HHVM uses a persistent SQLite database as a bytecode cache. This cache will be dynamically maintained by the HHVM server process, but it can also be pre-populated to bootstrap a newly deployed codebase [0]. Pre-compiling the cache during scap and distributing that cache to the HHVM worker nodes should provide a significant performance increase.

[0]: http://hhvm.com/blog/4061/go-faster


Version: wmf-deployment
Severity: enhancement

Details

Reference
bz64272

Event Timeline

bzimport raised the priority of this task from to Medium.Nov 22 2014, 3:11 AM
bzimport added a project: Deployments.
bzimport set Reference to bz64272.
bzimport added a subscriber: Unknown Object (MLST).
bd808 added a subscriber: ori.

I did some work previously during the HHVM project to make a proof of concept for the compilation step. I think @ori has looked at this issue some as well.

As I recall there were a couple of issues that would need to be worked out in addition to the basic cache file generation:

  1. The deployment staging host (tin) would need to have HHVM available and use the exact same version of HHVM as the MW servers in the cluster that would use the hhbc cache. HHVM versions the storage schema in the hhbc data so that older and newer runtimes can point to the same cache file without clobbering each other.
  2. The sqlite data files are binary blobs and as such will not rsync well. Scap could either invent yet another binary->text->binary processing step as we did with the l10n cache files, or we could figure out a better way to sync blobs. I spent a tiny amount of time looking at pure python bittorrent components as a possible solution to the "better blob transfer" approach. Herd and Horde both looked promissing but I didn't go all the way to a POC implementation with either.

I did some work previously during the HHVM project to make a proof of concept for the compilation step.

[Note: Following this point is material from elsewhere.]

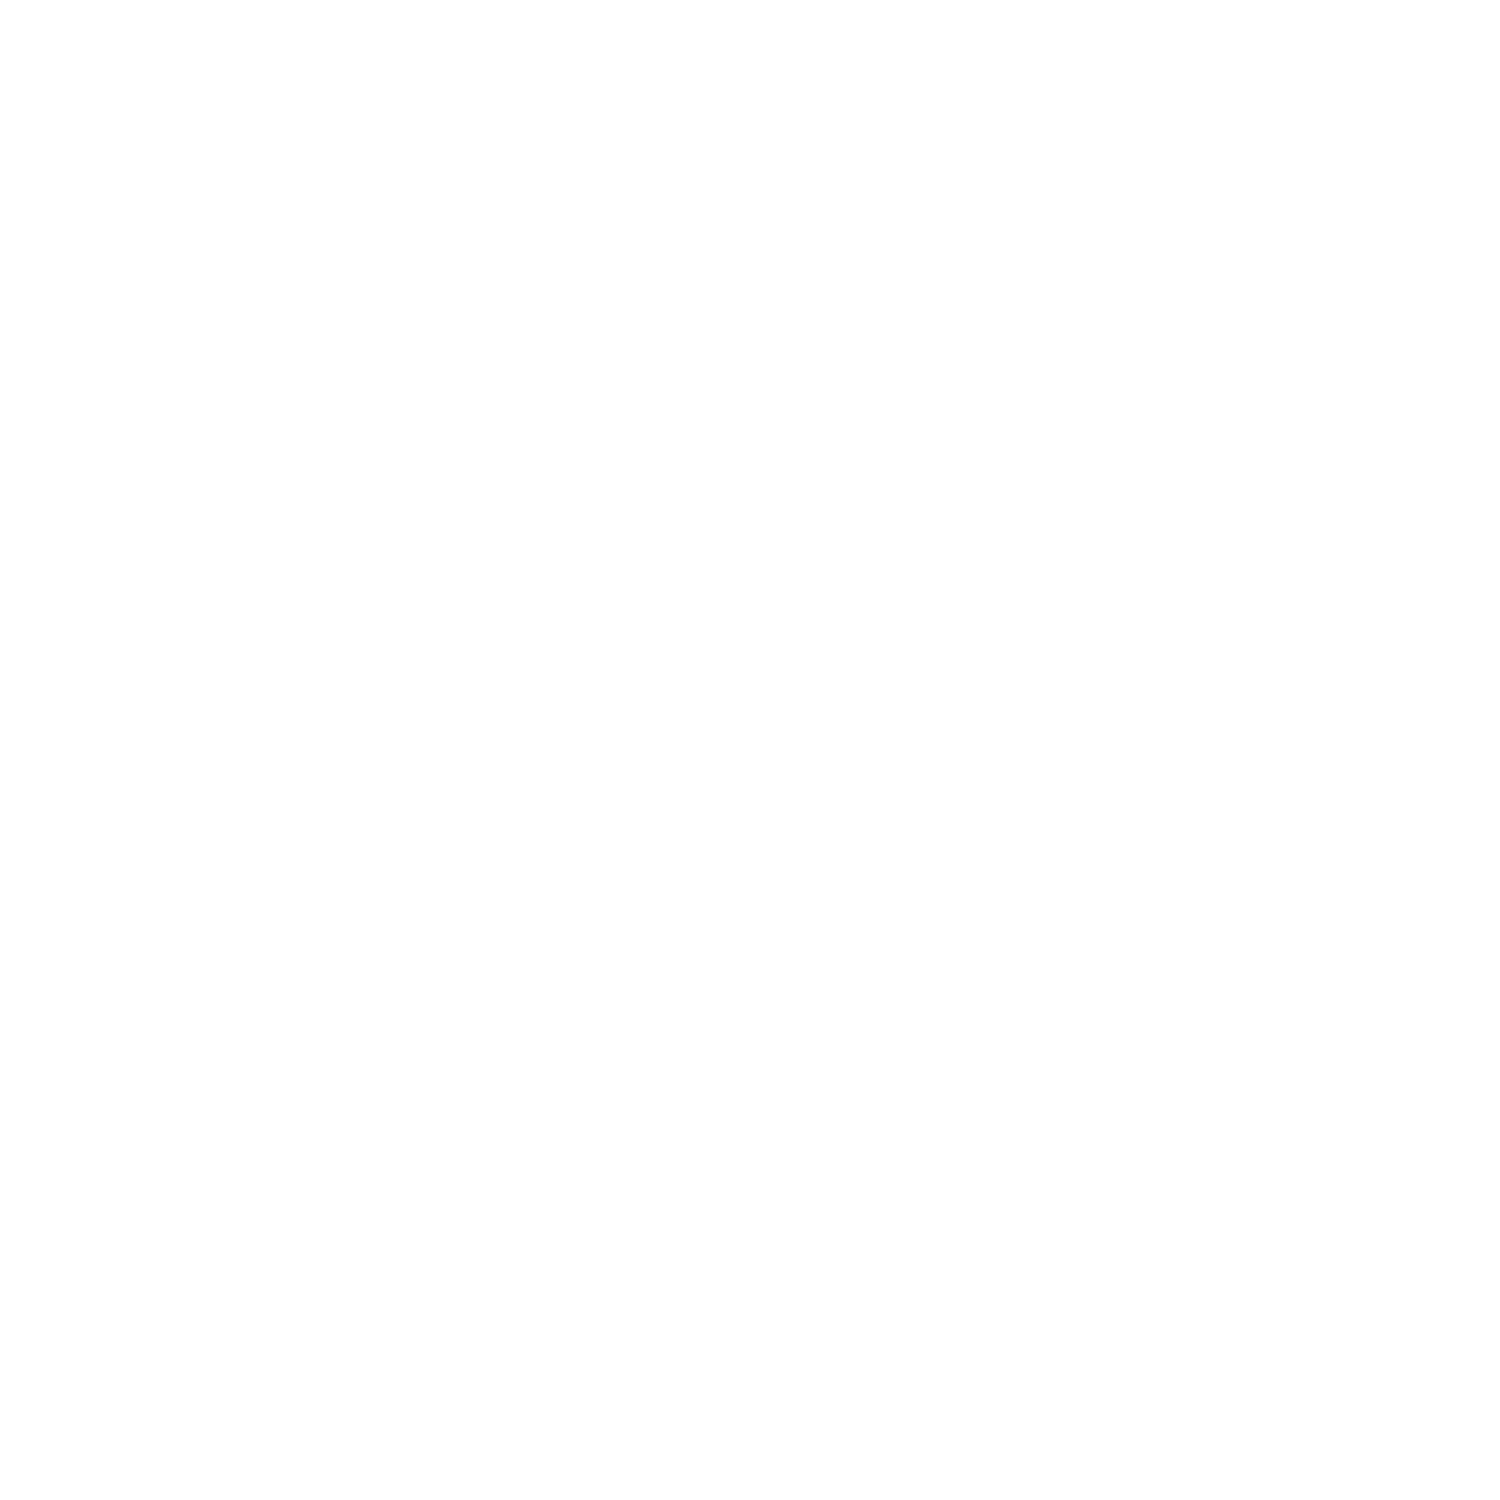 Lakeside Presbyterian Church San Francisco

Prior POC code now published at https://github.com/bd808/bug-67168

@thcipriani and I did some testing of herd/horde, it does work fairly well. It's just a simple wrapper around bittornado and it uses ssh to coordinate the whole swarm. It's definitely workable though.

This: https://github.com/TMG-nl/p2ptracker

The tracker uses the knowledge we have about our network topology to build two-tier swarms of bittorrent clients. It will return peers in a
global swarm to the first two clients in a rack requesting tracker information. Any additional clients from the SAME rack requesting peer
information from the tracker will only get peers in the same rack, thus building a second tier swarm that spans a single rack.

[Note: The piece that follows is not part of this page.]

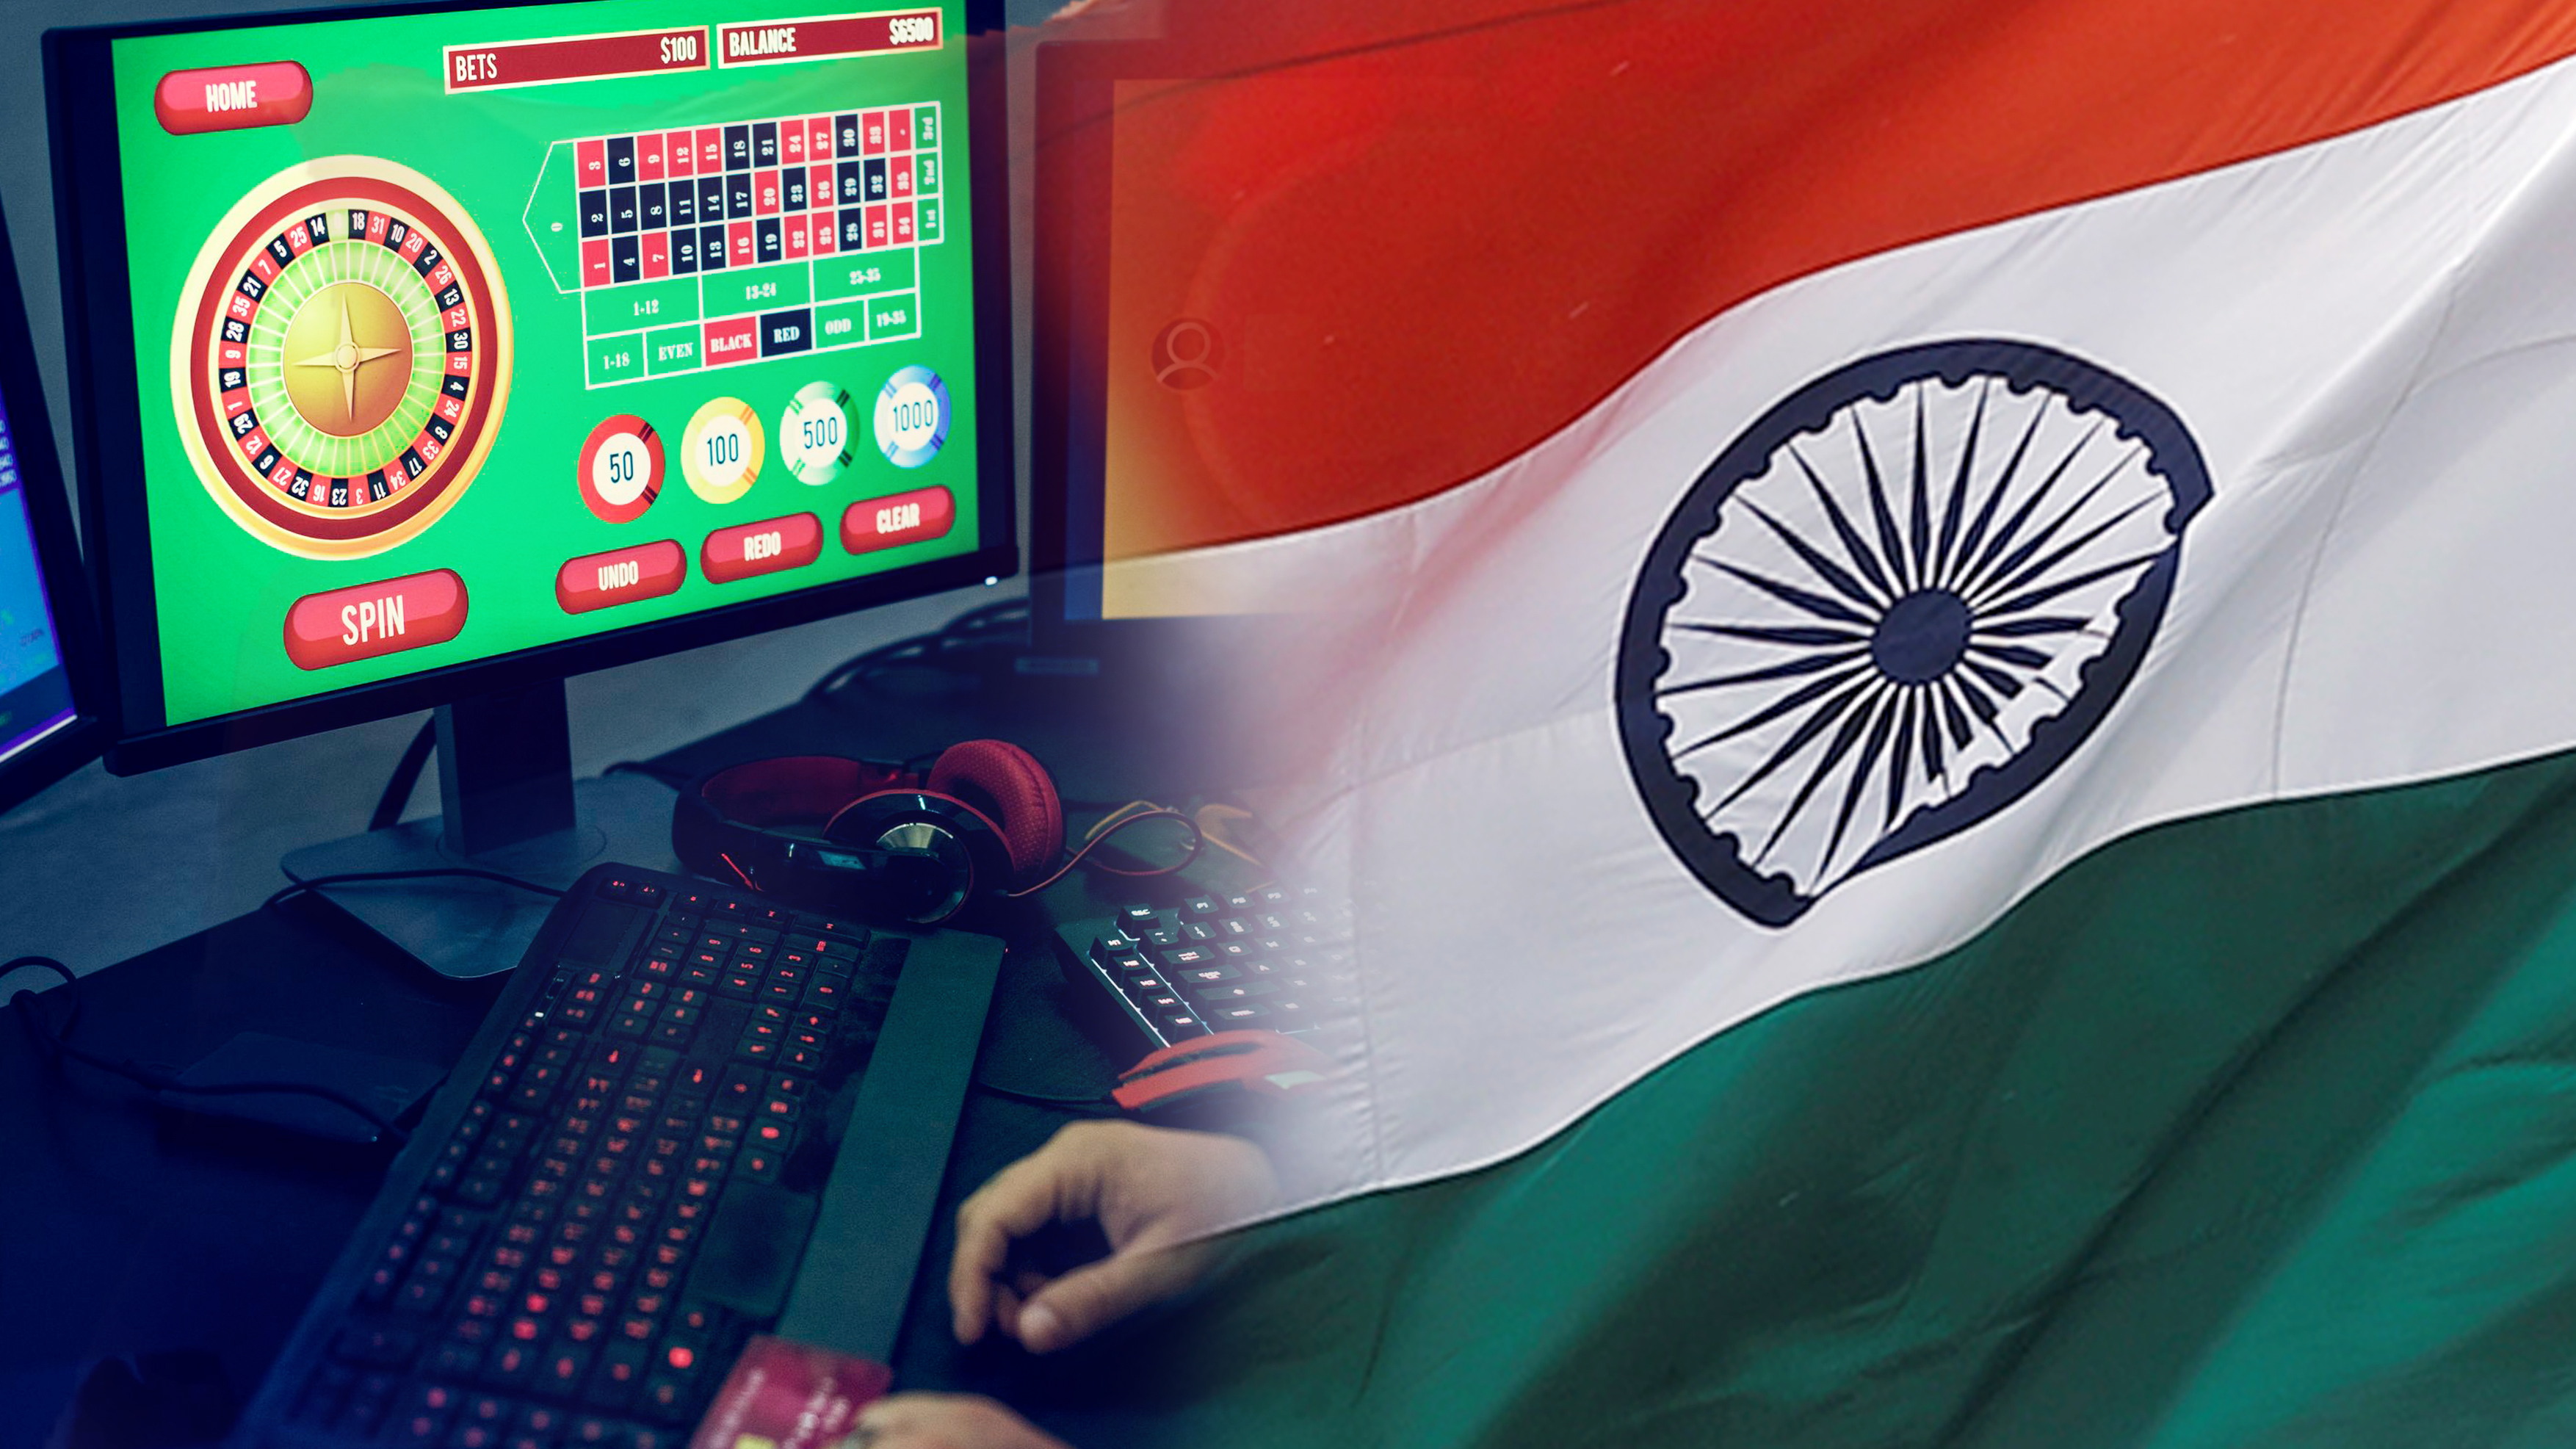 India bet 24

This setup was chosen because the uplink bandwidth in a rack is a critical resource for us. If many clients in a rack start downloading
pieces from other peers randomly distributed in our network environment they may/will saturate the uplink in the rack, causing serious
starvation issues and failing requests to production services.

By limiting the amount of peers that participate in a global bittorrent swarm in a single rack to 2 and capping the bittorrent client to
~100mbit/s we can guarantee that the rack uplink is only utilized for 20% by bittorrent traffic.

I'm not convinced that this would be an overall win. Last week we had problems with a depleted byte code cache I checked monitoring after pruning the cache for effects of the new cache warmup and it wasn't noticable in grafana's server board. Maybe it's more visible to real performance tracing, but I guess the cache warmup period is fairly brief. OTOH it adds a lot of complexity and potential new error sources.